** Given material follows **

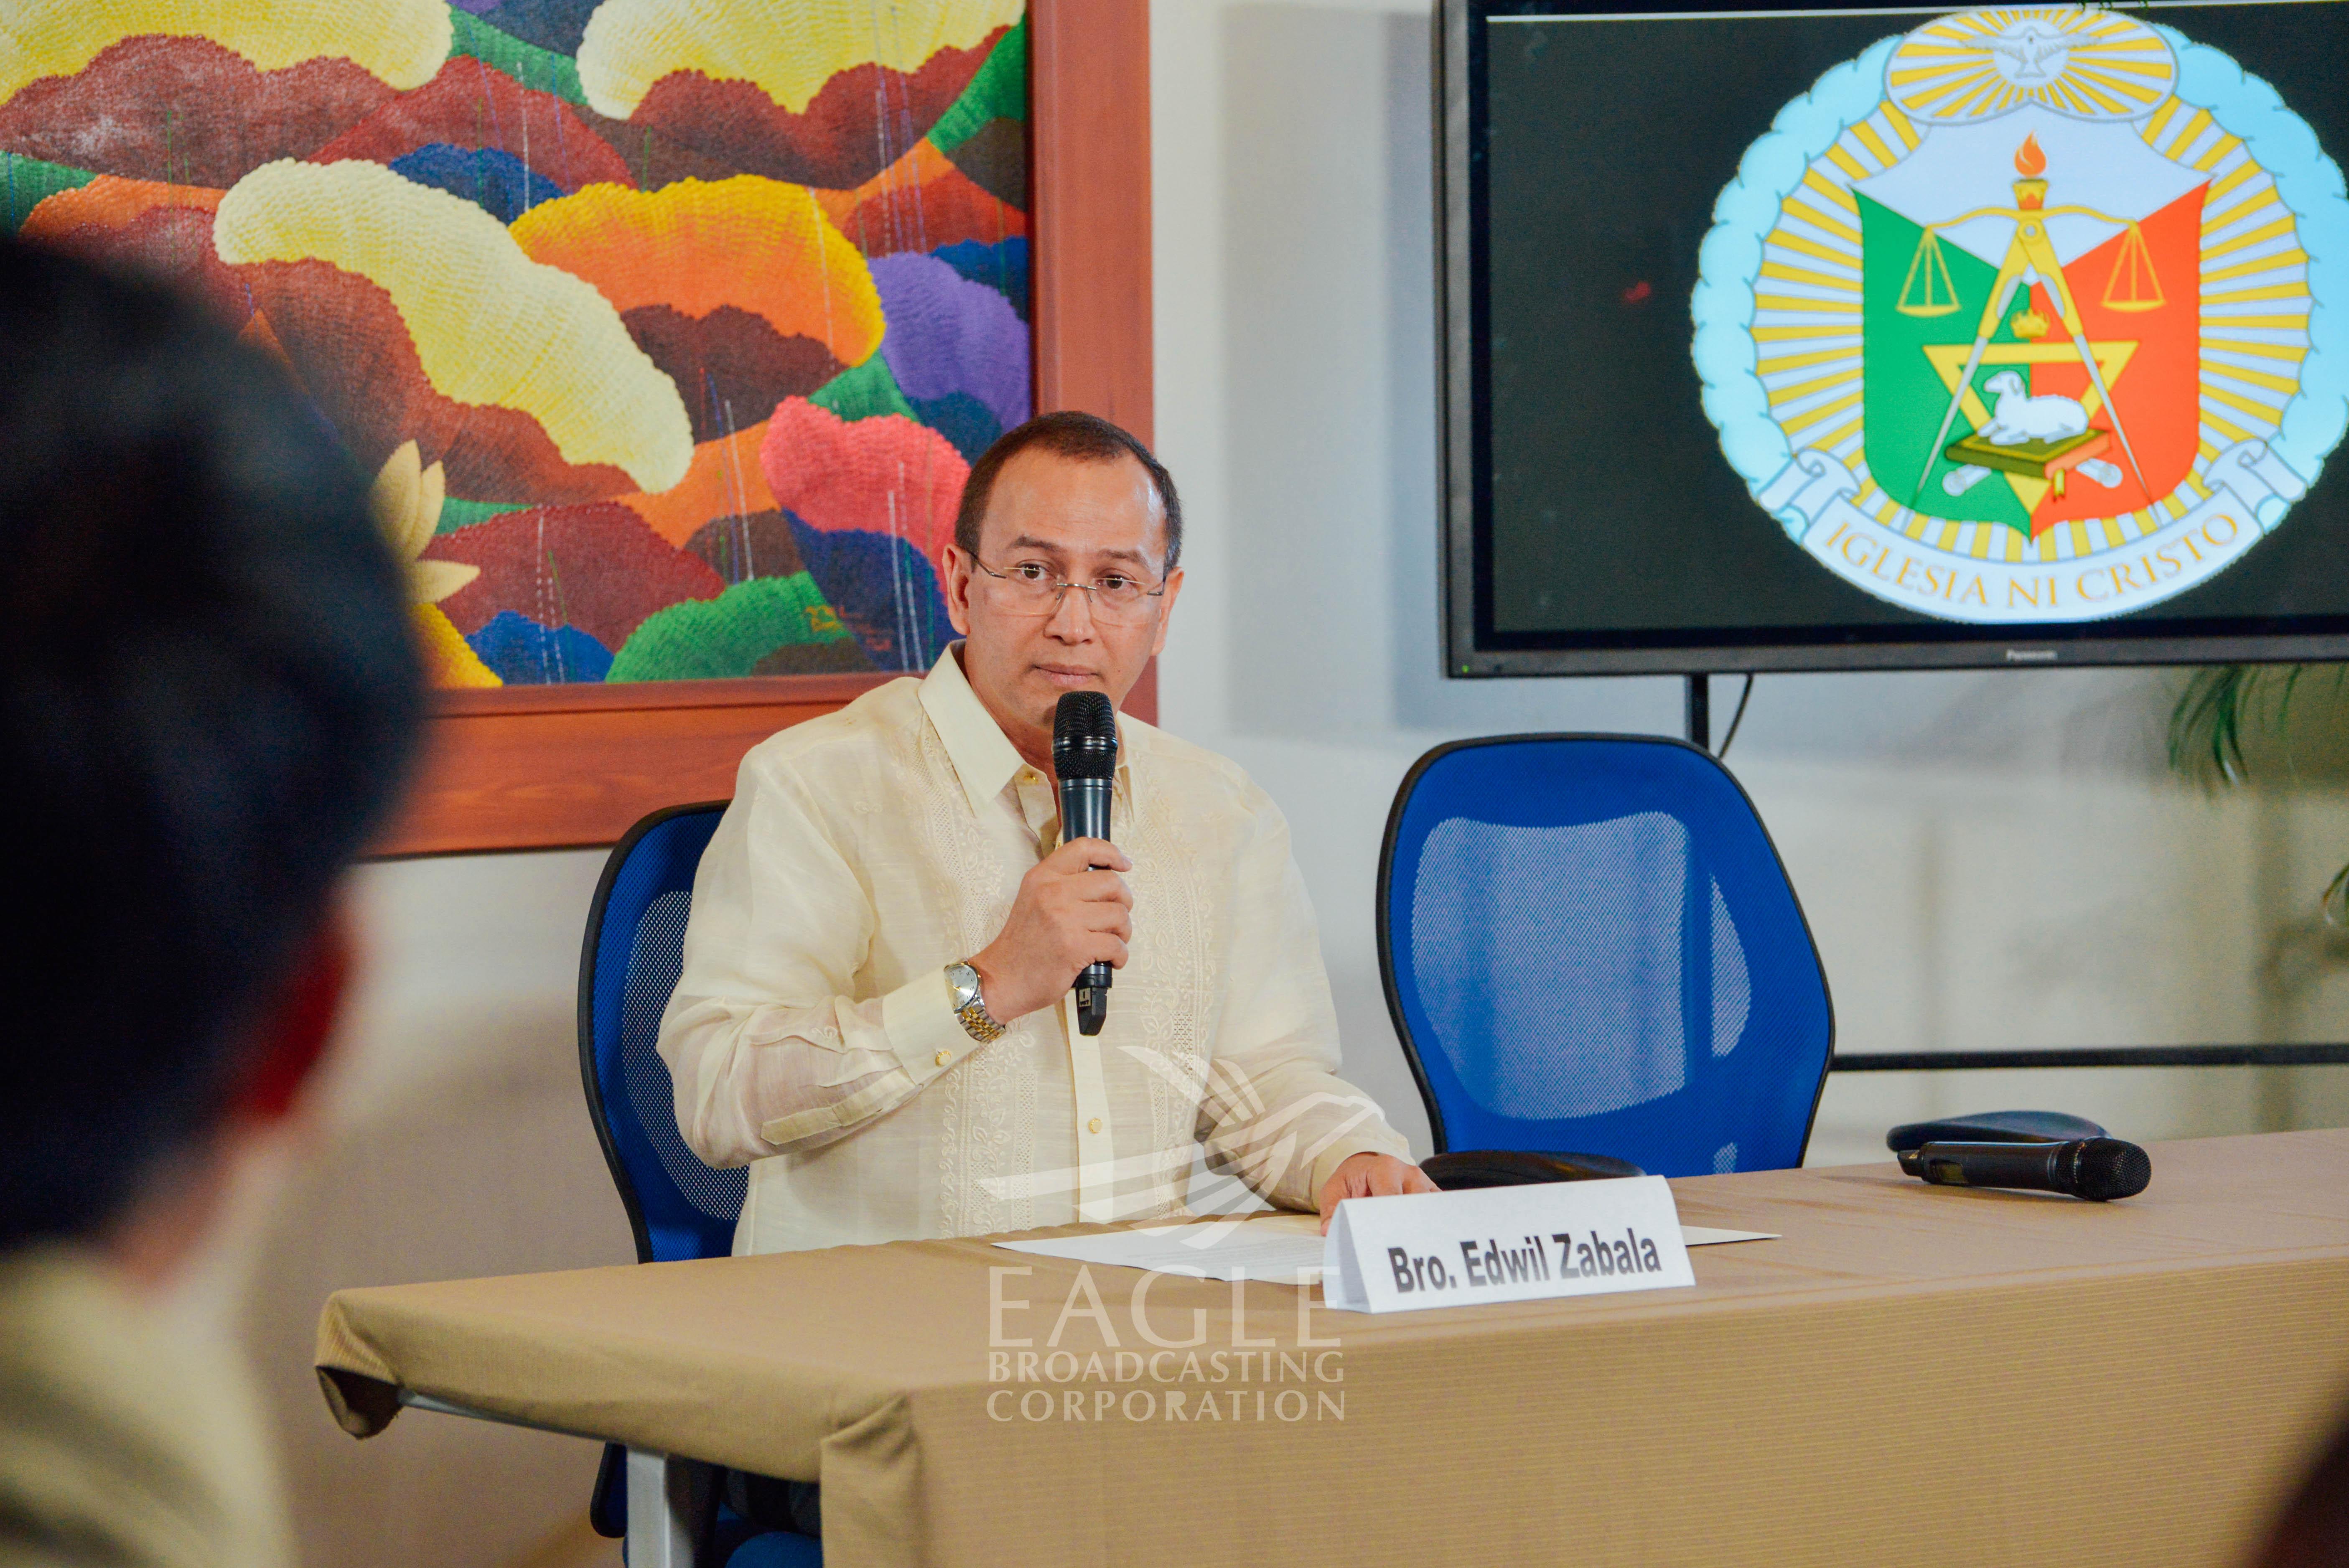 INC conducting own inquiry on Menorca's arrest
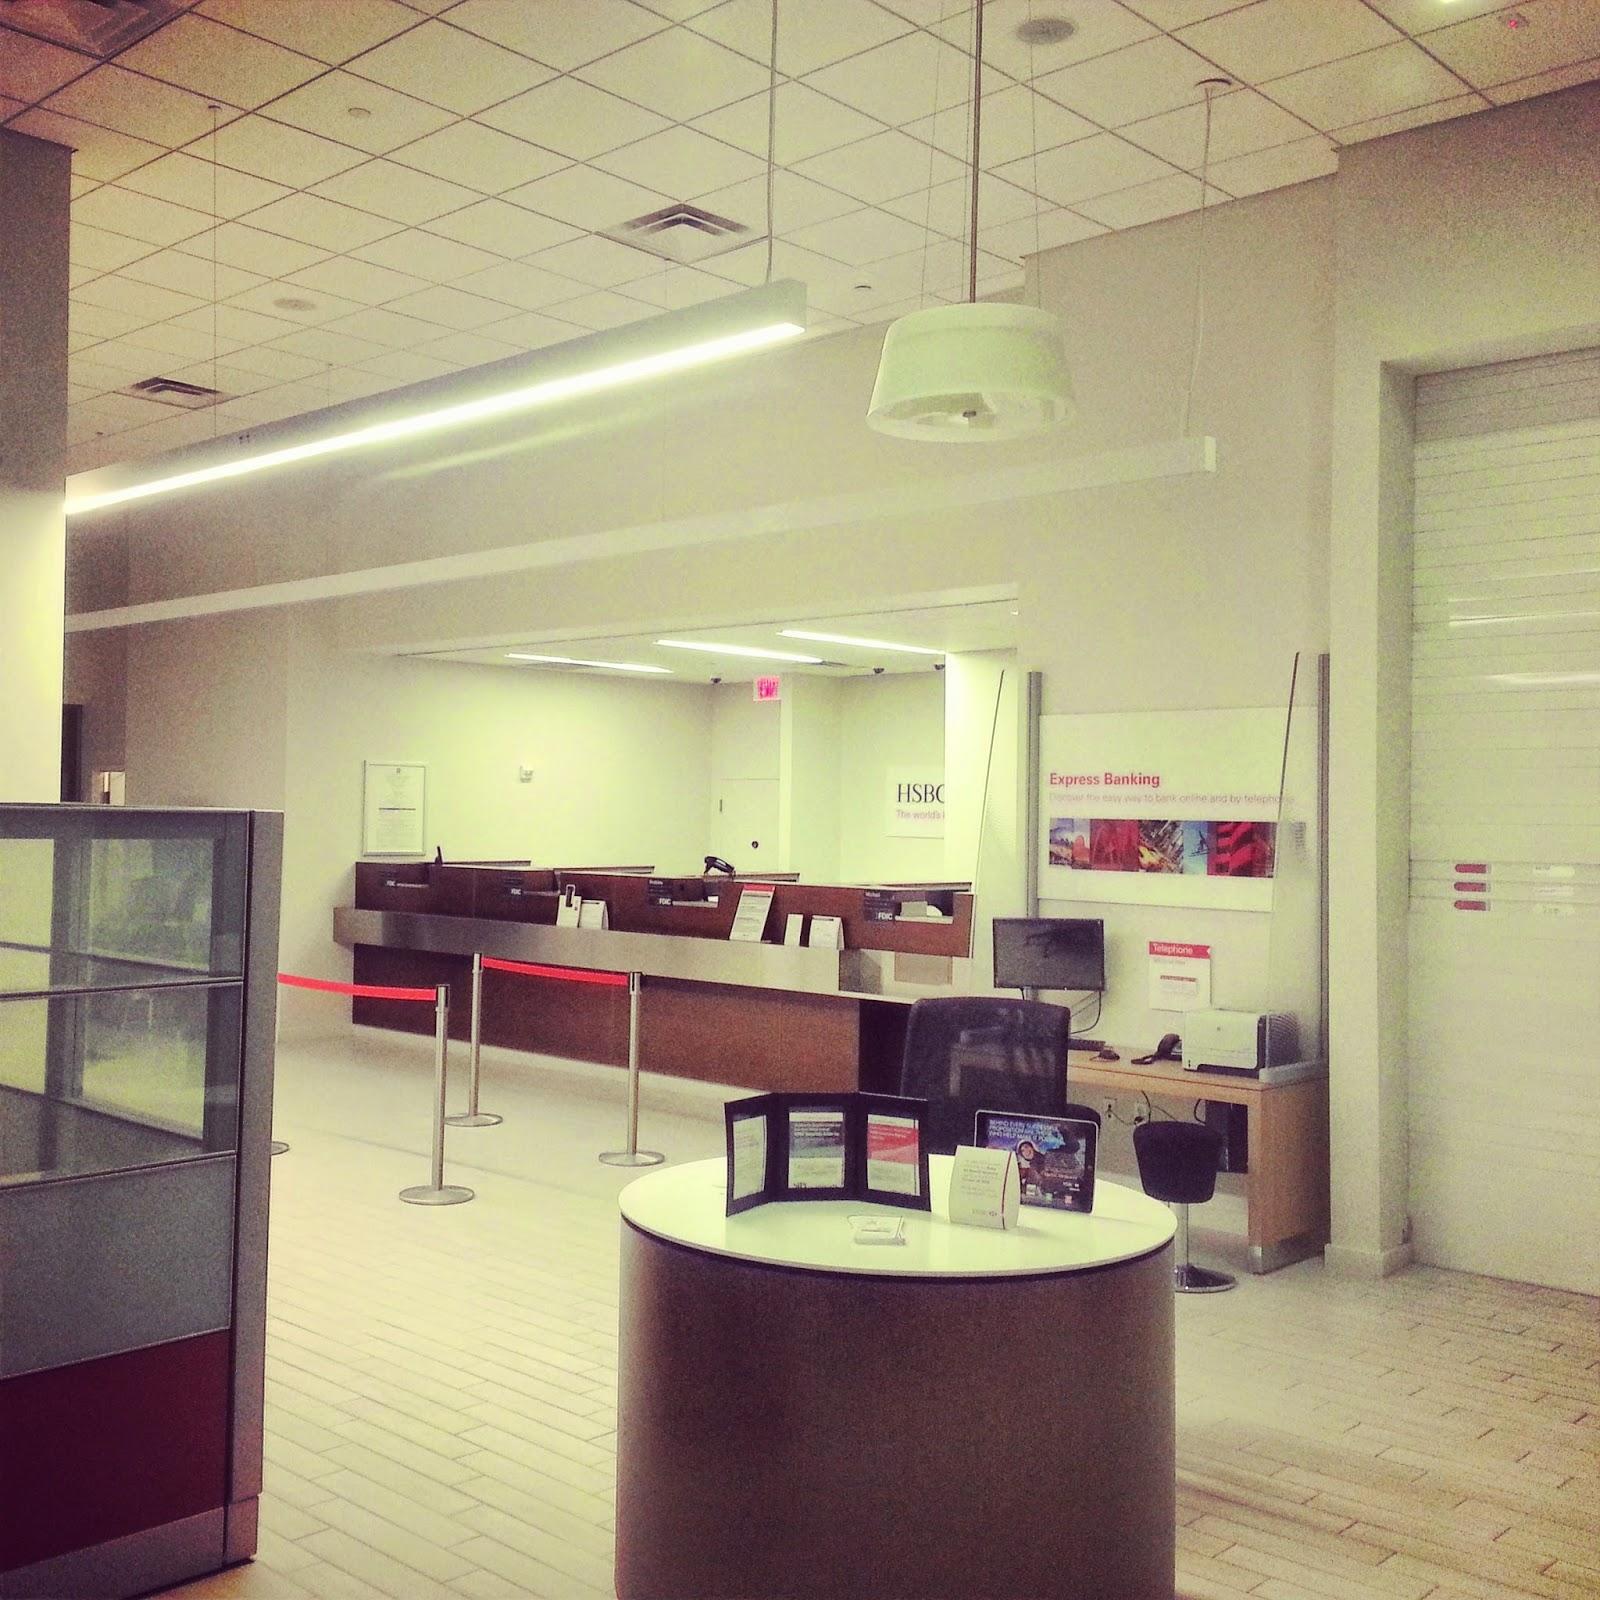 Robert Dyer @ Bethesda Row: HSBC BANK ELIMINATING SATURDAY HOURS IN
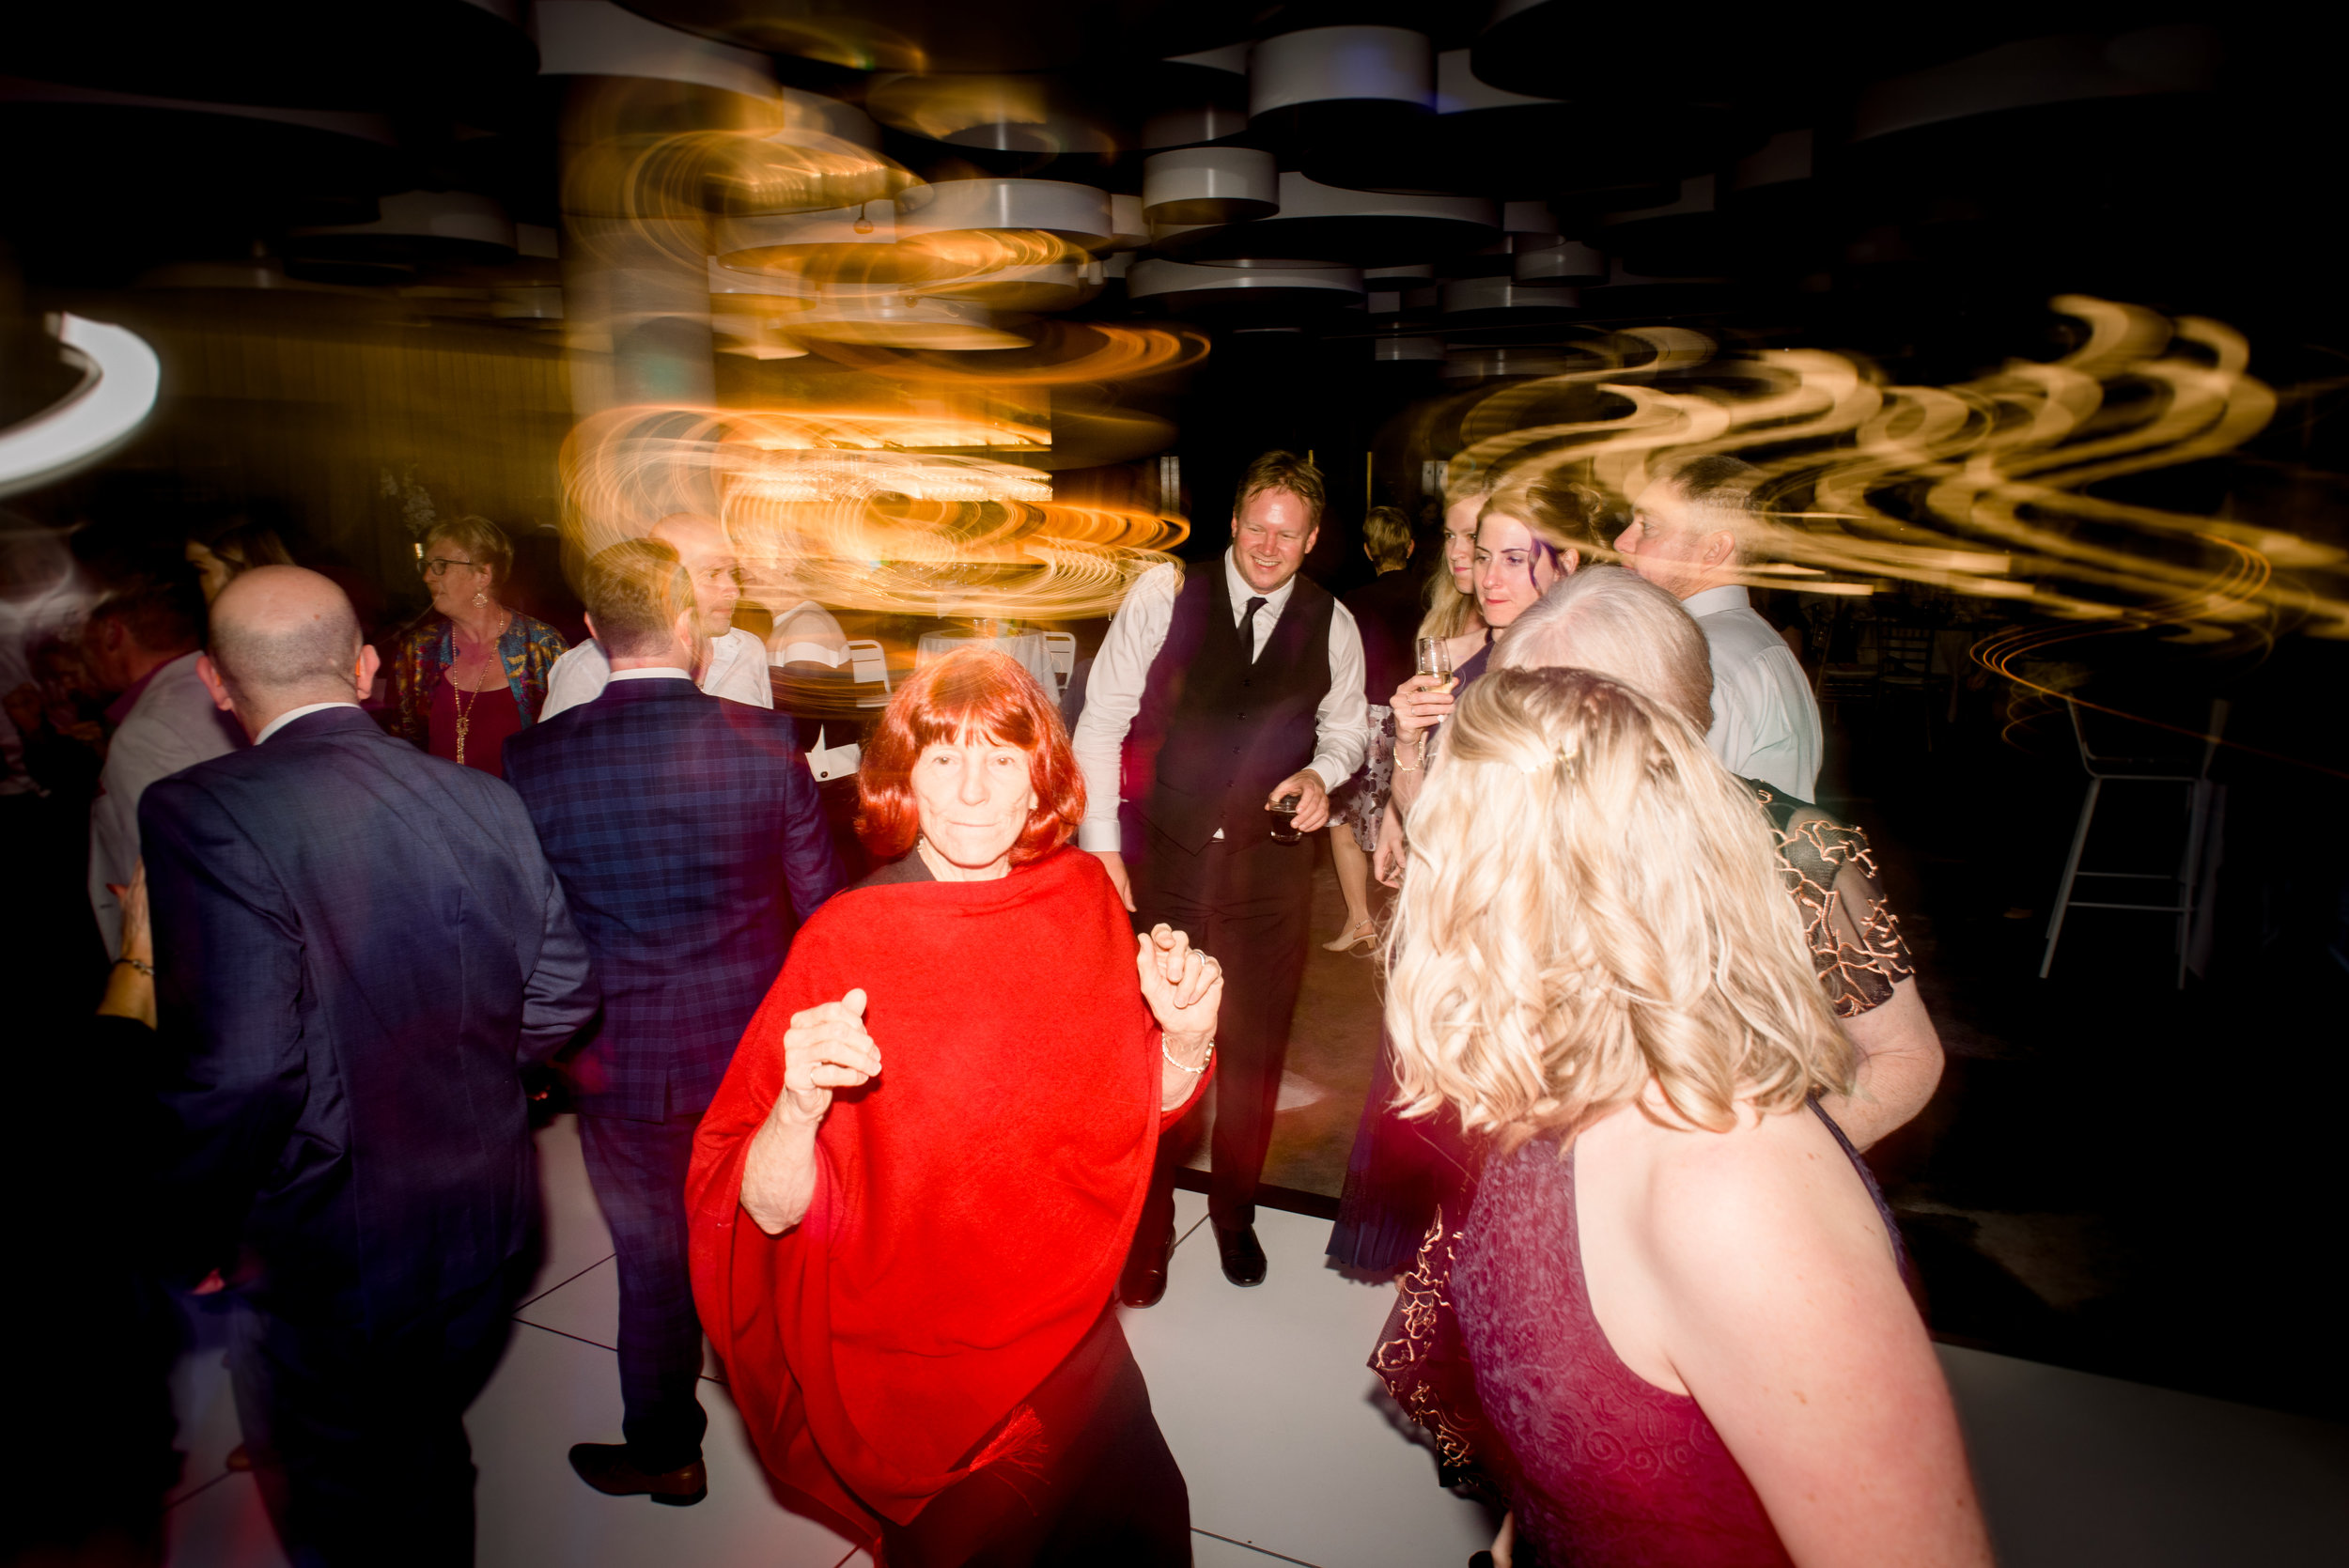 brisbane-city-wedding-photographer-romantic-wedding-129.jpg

** End of Given material **

> _About this task_: Leaving out the pictures, restate the listing above exactly.

> _Reply to the task_:
 INC conducting own inquiry on Menorca's arrest
 Robert Dyer @ Bethesda Row: HSBC BANK ELIMINATING SATURDAY HOURS IN
 brisbane-city-wedding-photographer-romantic-wedding-129.jpg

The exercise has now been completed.